CHICAGO —A woman who was dragged from her car by Chicago police at the Brickyard Mall is a step closer to receiving part of a $1.675 million taxpayer-funded settlement.
By a vote of 13-7, the City Council Finance Committee on Thursday approved the payment to Mia Wright and others who were with her. The full council will consider the deal next week.
A debate among aldermen over the proposed settlement turned into a broader discussion that touched on Black Chicagoans’ rights and their treatment by police.
Wright and family members said they were trying to visit the Brickyard in late May 2020. But they said they arrived to discover the Northwest Side mall closed because of civil unrest that occurred across the city in the aftermath of the killing of George Floyd, a Black man who died under the knee of white Minneapolis police Officer Derek Chauvin.
In the Wright case, police officers suddenly surrounded the car, broke the windows and pulled Wright out of the vehicle by her hair, she said. While Wright was prone on the ground, an officer placed his knee on her neck, she said. Wright was arrested and charged with disorderly conduct, though the charge was later dropped.
A relative who was with Wright captured the incident on video. Eight police officers were disciplined for the incident, according to city lawyer Caroline Fronczak. Five plaintiffs will share the settlement.
Officers said they thought some members of Wright’s group were attempting to break into a store at the mall to steal goods, Fronczak said, but the officers also acknowledged nobody in the group matched the descriptions of the suspected looters.
Alderman Raymond Lopez opposed the Wright settlement, saying officers were dealing with chaos citywide in the face of widespread looting. Paying Wright and her relatives would open the door to many other lawsuits from people “who were trying to loot, pillage and destroy the city of Chicago” during the Floyd protests, he said.
And Alderman Nick Sposato wondered why Wright, who he said lived in the West Side North Lawndale neighborhood, drove to the Northwest Side mall to shop on a day when Chicago was experiencing extensive, well-publicized public disturbances following the Floyd murder.
Sposato’s comments prompted Alderman Jason Ervin to ask: “What’s wrong with somebody who lives at Pulaski and Cermak coming to the Brickyard to shop?”
“People do have the right to move about the city or move about the nation as they choose,” Ervin said.
Bring a Target store to the West Side “and you won’t see us up at the Brickyard,” he added.
And Alderman Leslie Hairston noted the city “has a problem with racial profiling.” It’s perfectly legal for Black Chicagoans to shop at the store of their choice, regardless of how far it is from their homes, Hairston pointed out.
Sposato “implied they were there for nefarious reasons, and they should not have been there because they didn’t live there,” she said.
The Finance Committee on Thursday also gave the go-ahead to a $1.4 million settlement for Shatrelle McComb.
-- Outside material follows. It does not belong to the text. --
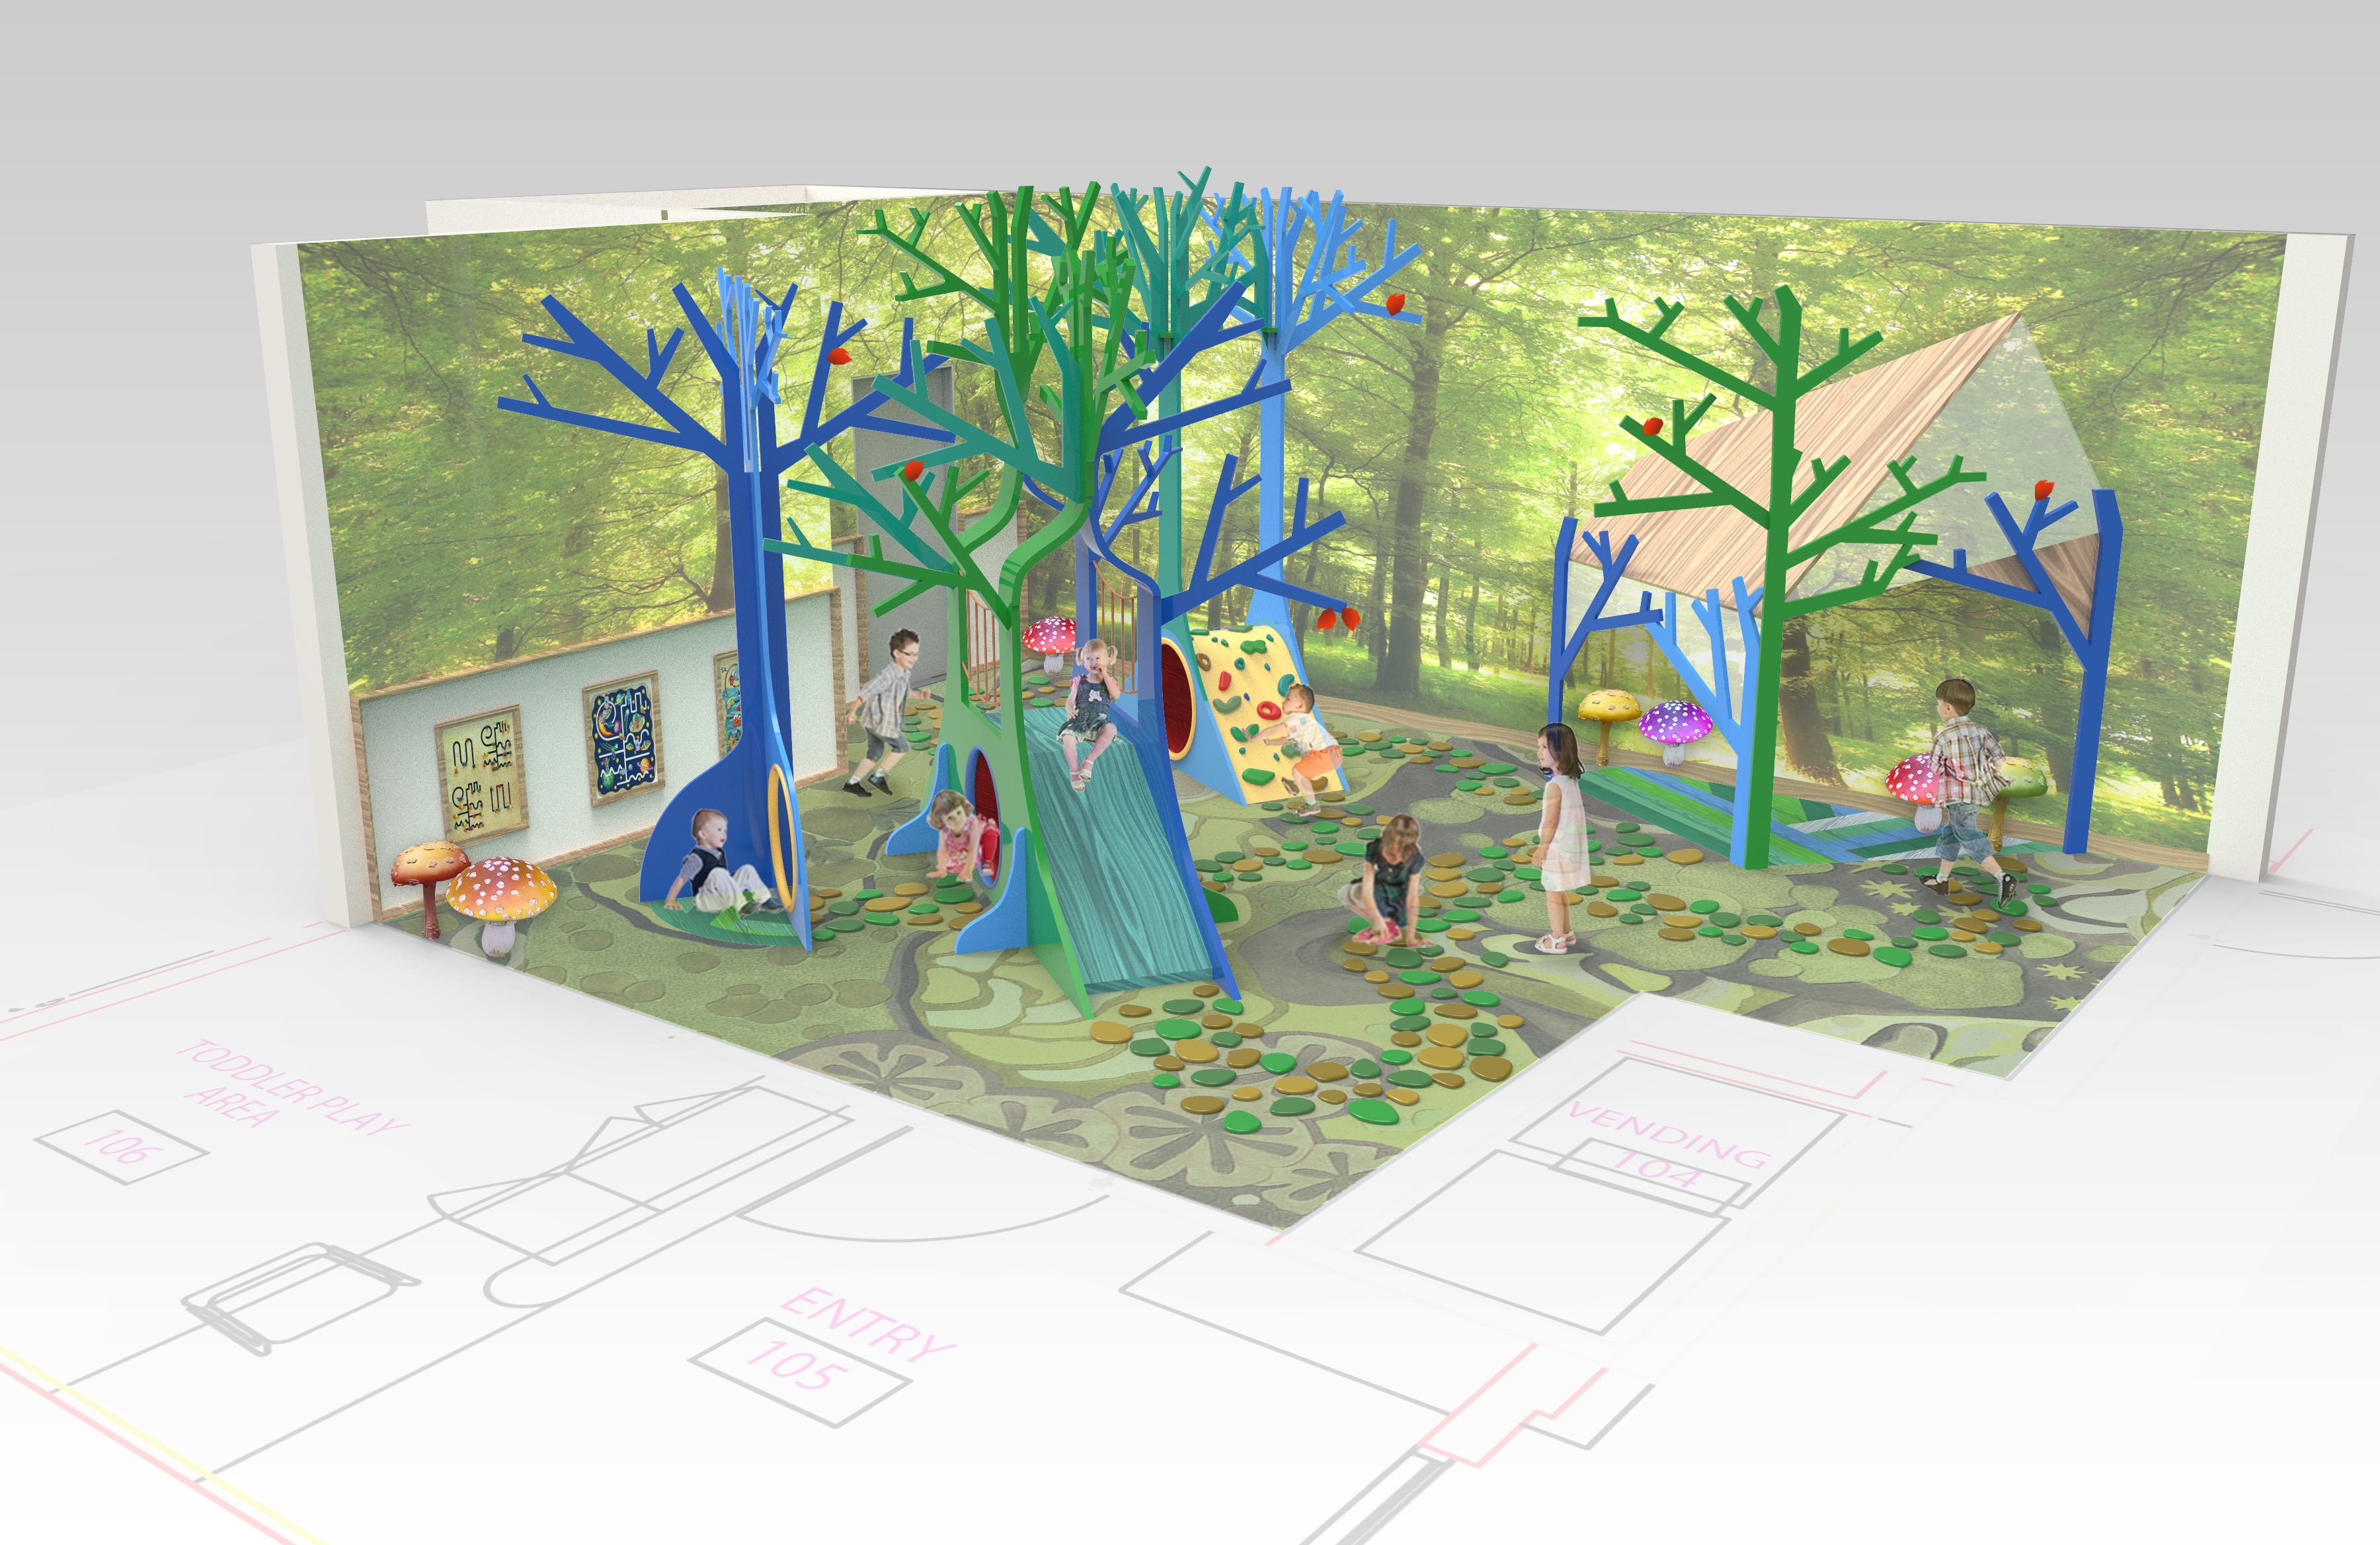 Tree Forest Playarea 3d Rendering

She sued the city after her 13-month-old son Dillan Harris was killed in 2015 when a car driven by a man fleeing police in a high-speed chase jumped a curb in Woodlawn and struck the boy’s stroller.
McComb alleged in her federal lawsuit that officers “willfully and wantonly” chased the car driven by Antoine Watkins at speeds over 70 mph on a Saturday afternoon when many pedestrians were out on neighborhood sidewalks.
Watkins was convicted of reckless homicide in Dillan’s death, and served more than four years behind bars, according to city attorney Mary Ruether.
And aldermen passed a $1.2 million settlement for Jomner Orozco Carreto and Carlos Ramirez, two men who said an off-duty Chicago police officer shot at them while they were parked on Irving Park Road in the Albany Park neighborhood in December 2020.
The officer, Kevin Bunge, said he heard gunshots after the car pulled up behind his parked car on Irving Park, before he got out of his car and fired shots into their vehicle. One of the men was struck in the hand.
No gun was recovered from the men’s car, and they said they had pulled over simply to look up directions to a party. Bunge was charged in the case.